In dendrites, the assembly of PSD-95-containing puncta is suggestive of a gathering point for neurotransmitter receptors, but these puncta may also be home to adhesion molecules involved in presynaptic partner recognition. Indeed, application of NMDA receptor antagonists did not prevent a filopodium from recognizing its target axon or becoming stabilized, arguing that neurotransmitter signaling is not required for these early steps. Furthermore, the slow accretion of postsynaptic puncta (20–40 min, [1]) relative to the rapidity of the filopodium calcium response (10–40 sec, [8]) suggests that punctum formation takes place after the initial decision to stabilize has been made. Therefore, postsynaptic puncta accretion and neurotransmitter-dependent signaling likely lie downstream of the initiating recognition event, and help to execute the stabilization program and to maintain the dendrite branch.

Cell adhesion molecules

There are numerous candidates for the adhesion receptors that could kick off the initiating recognition event (Fig. 2B). In principle, these include any molecules involved at early steps of synapse formation (reviewed in [15]). One synaptic protein that has been shown to affect filopodia in particular is agrin, which induces filopodium formation when subjected to antibody-induced clustering or overexpression [16, 17]. In mature neurons, a proteolytically processed form of agrin induces filopodium formation when pre- and postsynaptic partners are stimulated simultaneously [18].

Another set of synaptic proteins linked to filopodia are the leucine-rich repeat (LRR) family proteins, which have emerged from two independent functional screens for postsynaptic regulators of synapse formation [19, 20]. In Drosophila, the LRR protein Capricious localizes to the tips of postsynaptic muscle filopodia, called myopodia, as they extend in search of a presynaptic motor axon [21]. Like dendrite filopodia, myopodia undergo rounds of extension and retraction with occasional stabilization, and can distinguish target from non-target axons [21]. Loss of Capricious and its close relative Tartan decreases the number of myopodium-axon contacts but not the overall number of myopodia, suggesting that these LRR proteins are required to stabilize a myopodium after it contacts an appropriate presynaptic partner [21]. LRR proteins are thus strong candidates to serve a similar function in the postsynaptic filopodia of dendrites.

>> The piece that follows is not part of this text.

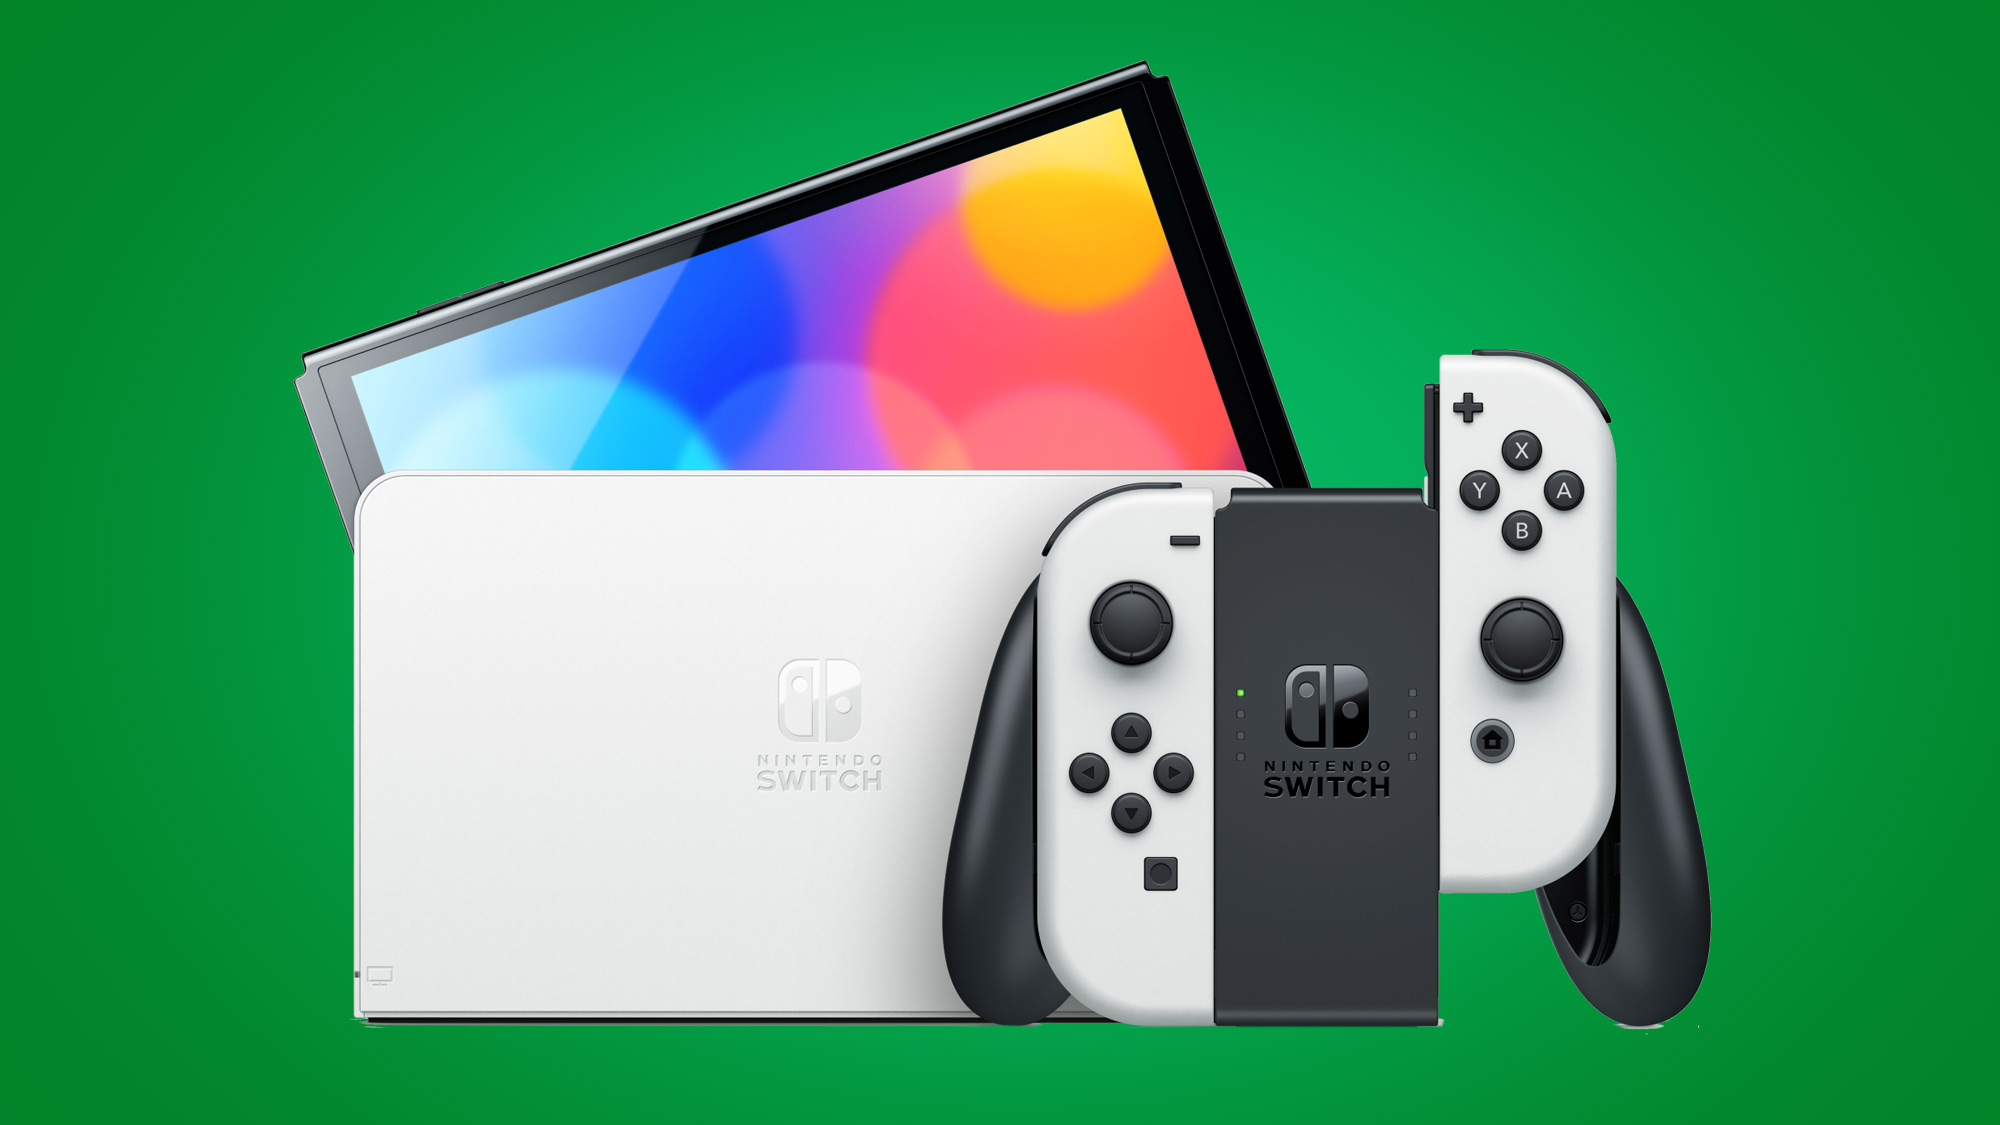 Nintendo Switch OLED stock: Where to preorder

Significant attention has also been paid to integrins, which are widely involved in cell adhesion. In fibroblasts, integrin ligand binding leads to calcium influx that mediates cell adhesion [22]. In cortical neurons, calcium influx peaks within 1–2 sec of addition of integrin ligand peptides containing RGD sequences, consistent with the rapid time scale of filopodium calcium transients [23]. Likewise, in axon growth cones, filopodium calcium transients increase in frequency within seconds of exposure to soluble RGD peptides [6]. These transients also increase in frequency when growth cones are cultured on the RGD-containing matrix protein tenascin, although a similar increase is seen on polylysine, which does not specifically activate integrins [6]. Thus, integrin activation may be a special instance of a general mechanism for increasing filopodium calcium transients in response to cell adhesion.

Membrane tension

Another mechanism for sensing cell adhesion comes from recent studies showing that fibroblasts exhibit local calcium transients at their leading edge during cell migration [24]. These local calcium transients are stimulated by addition of integrin ligand peptides, but also by applying shear stress across the leading edge of the fibroblast or by physically deforming the substrate with a glass needle [24]. Thus, these calcium transients likely respond directly to membrane tension and, indeed, they are mediated by the stretch-activated calcium channel TRPM7 [24]. Axon growth cones also bear stretch-activated calcium channels that can control axon extension [25]. If these channels are present on dendrites, they would suggest an elegant mechanism to sense attachment to a presynaptic partner. As the filopodium attempts to retract, it would pull against its adhesive attachment and experience an increase in membrane tension (Fig. 2C). As seen in migrating fibroblasts, this membrane tension could open stretch-activated calcium channels to generate the increased calcium transients that lead to filopodium stabilization.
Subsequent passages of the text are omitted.